Collected material:
————————

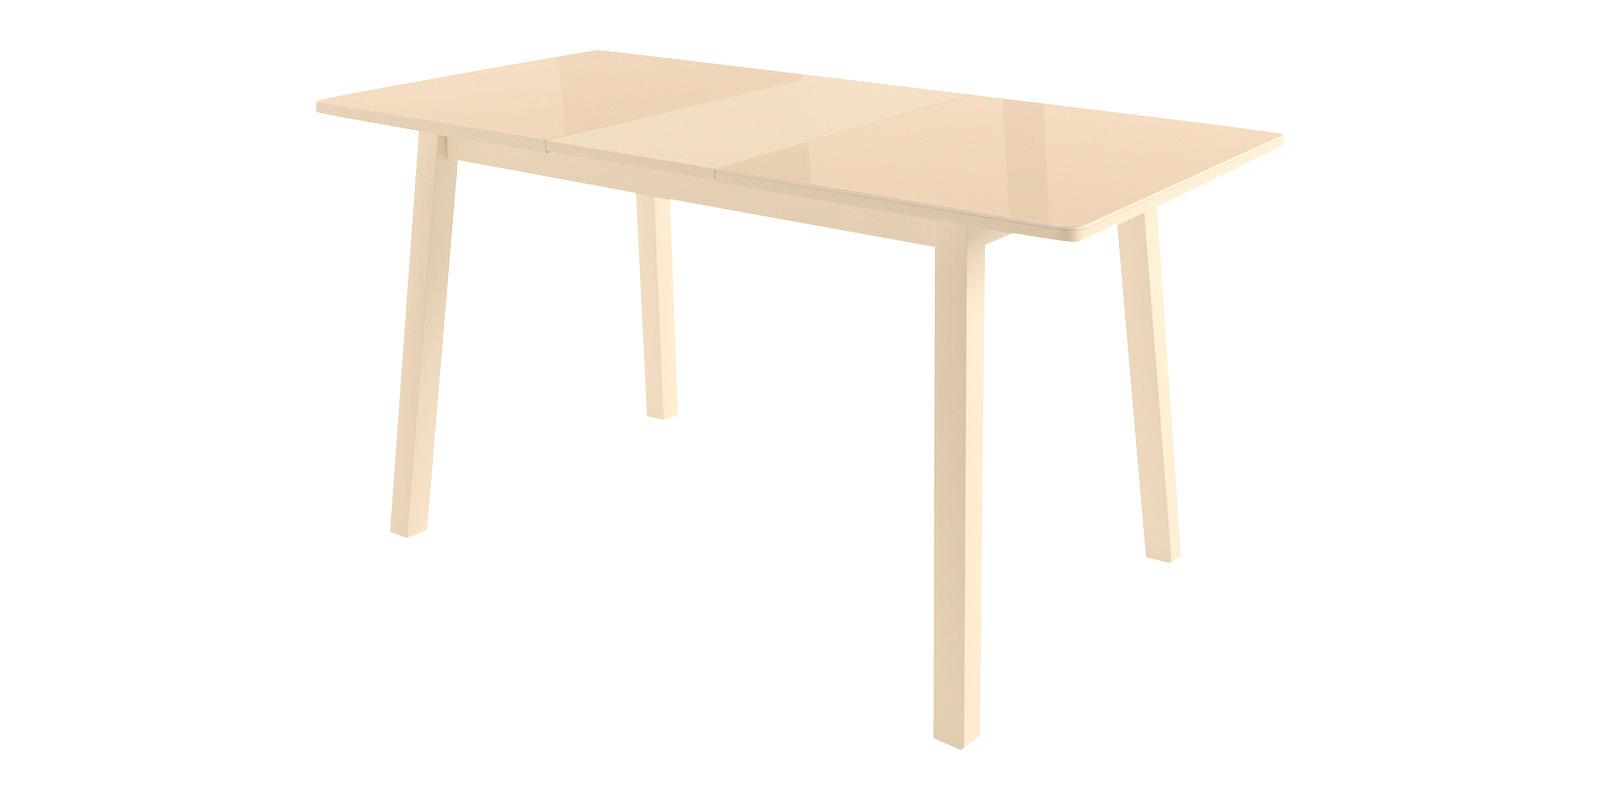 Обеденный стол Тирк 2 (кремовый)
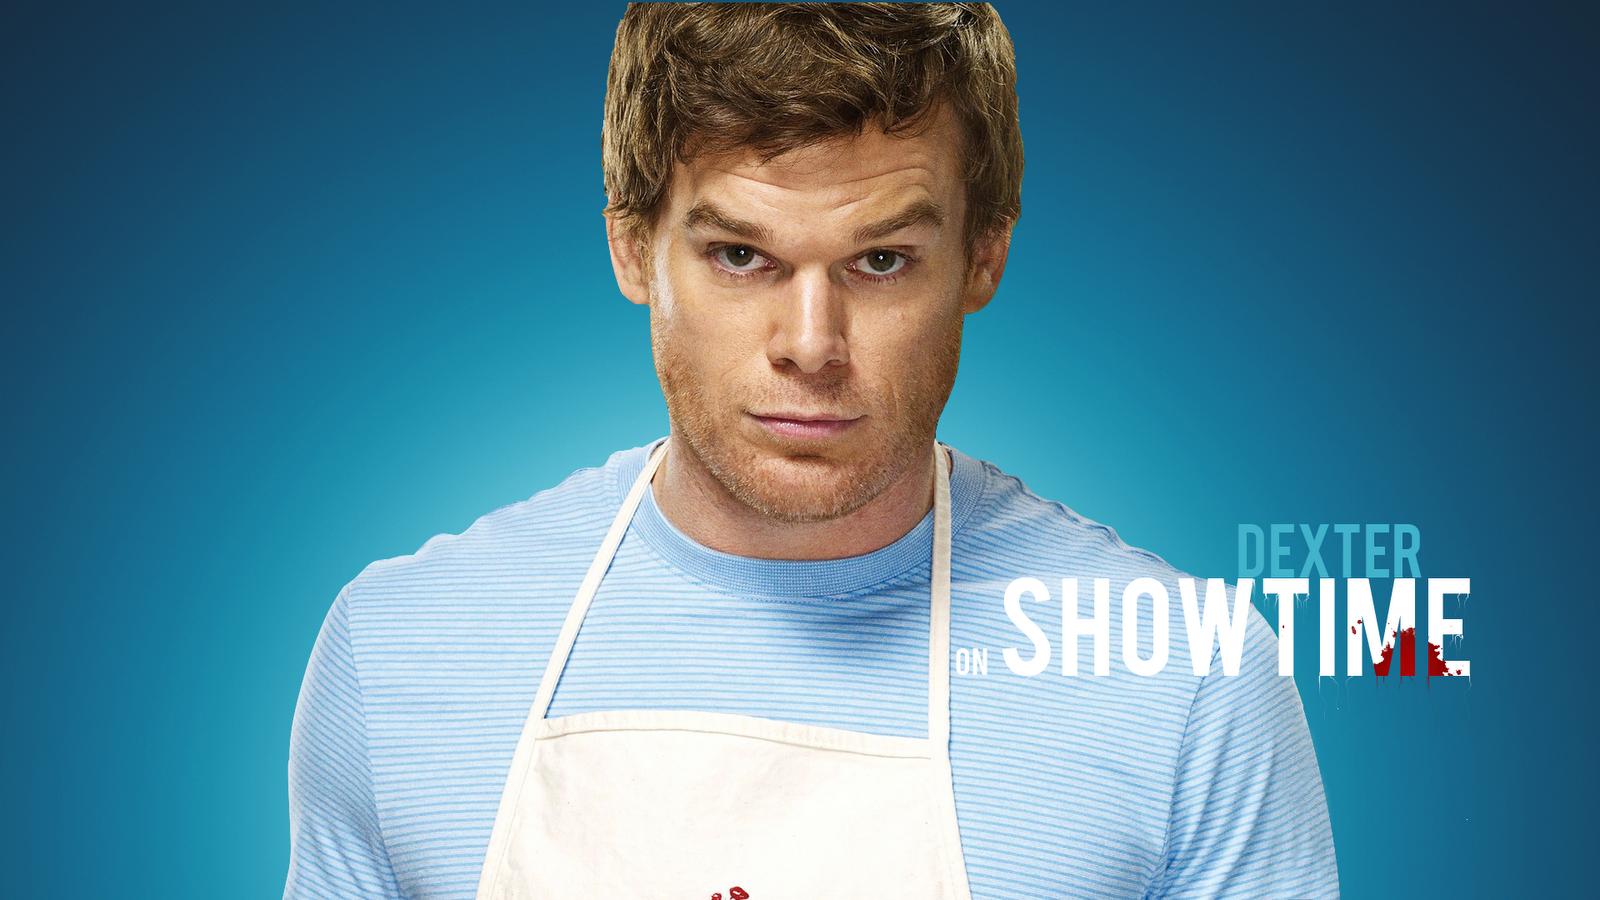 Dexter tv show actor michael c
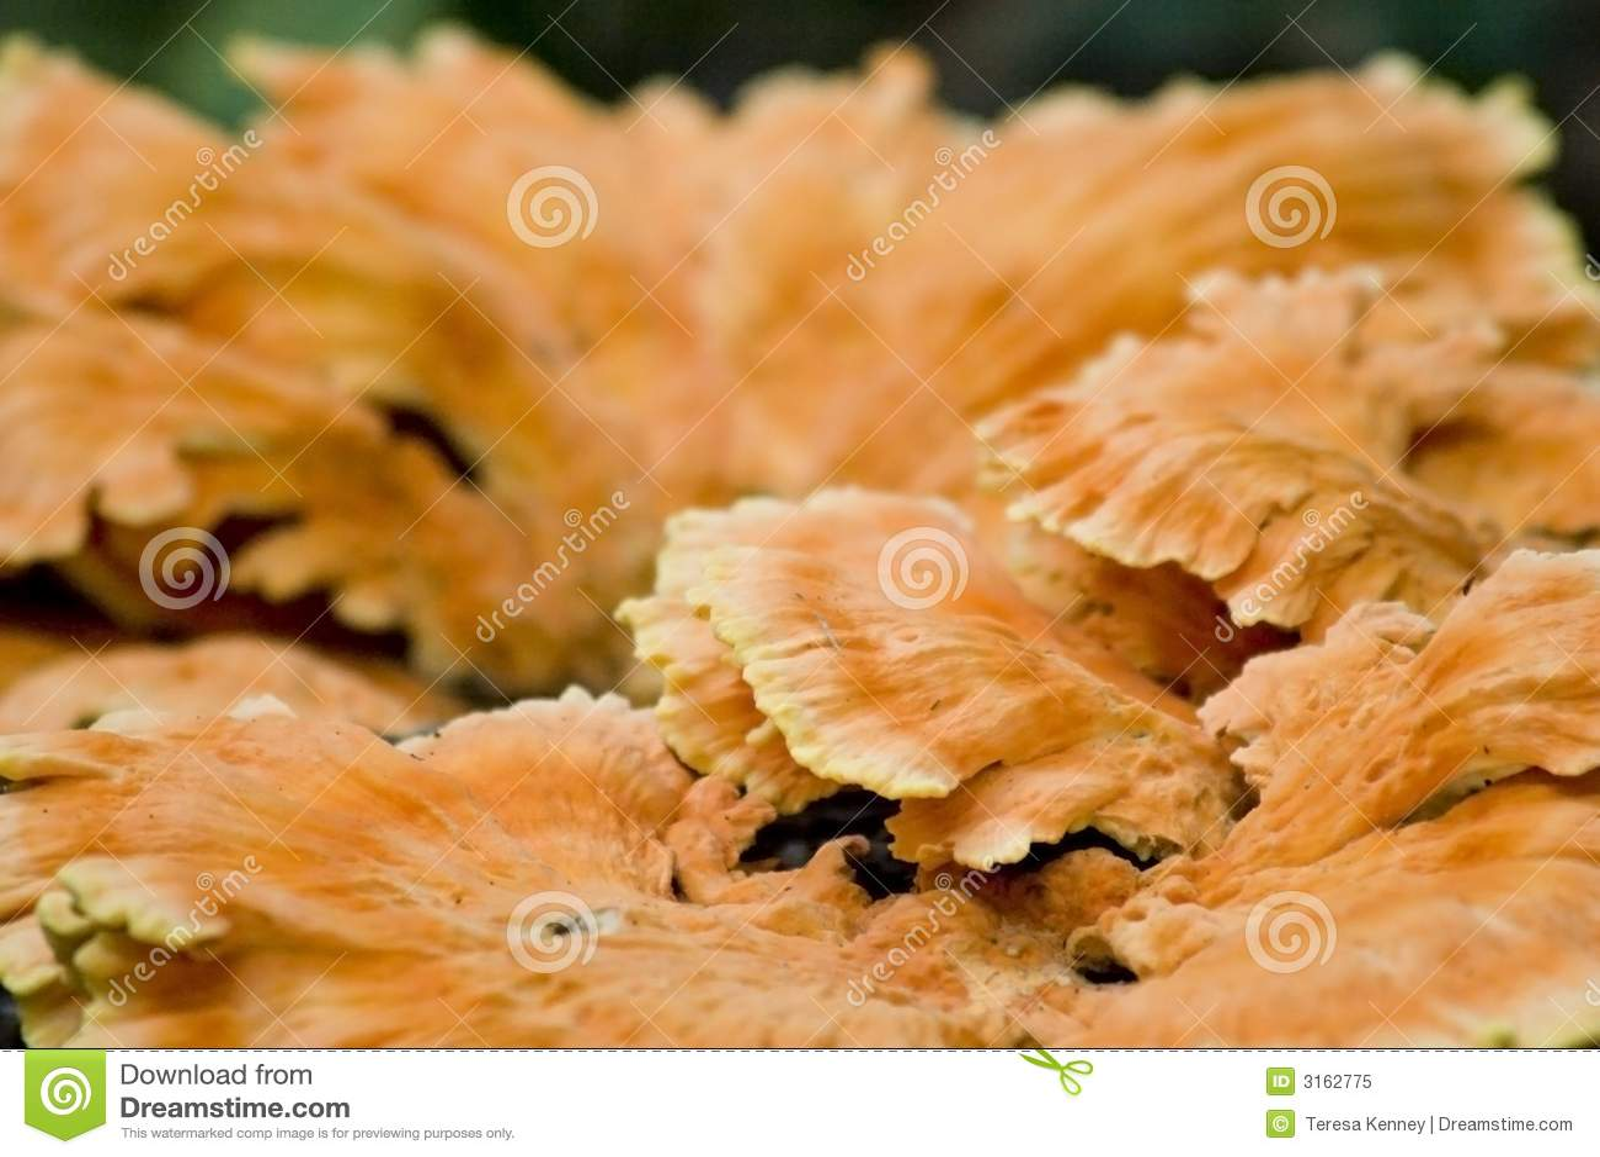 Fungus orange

————————

Problem description:
Write out the data again word for word, minus any images.

Response to the task:
 Обеденный стол Тирк 2 (кремовый)
 Dexter tv show actor michael c
 Fungus orange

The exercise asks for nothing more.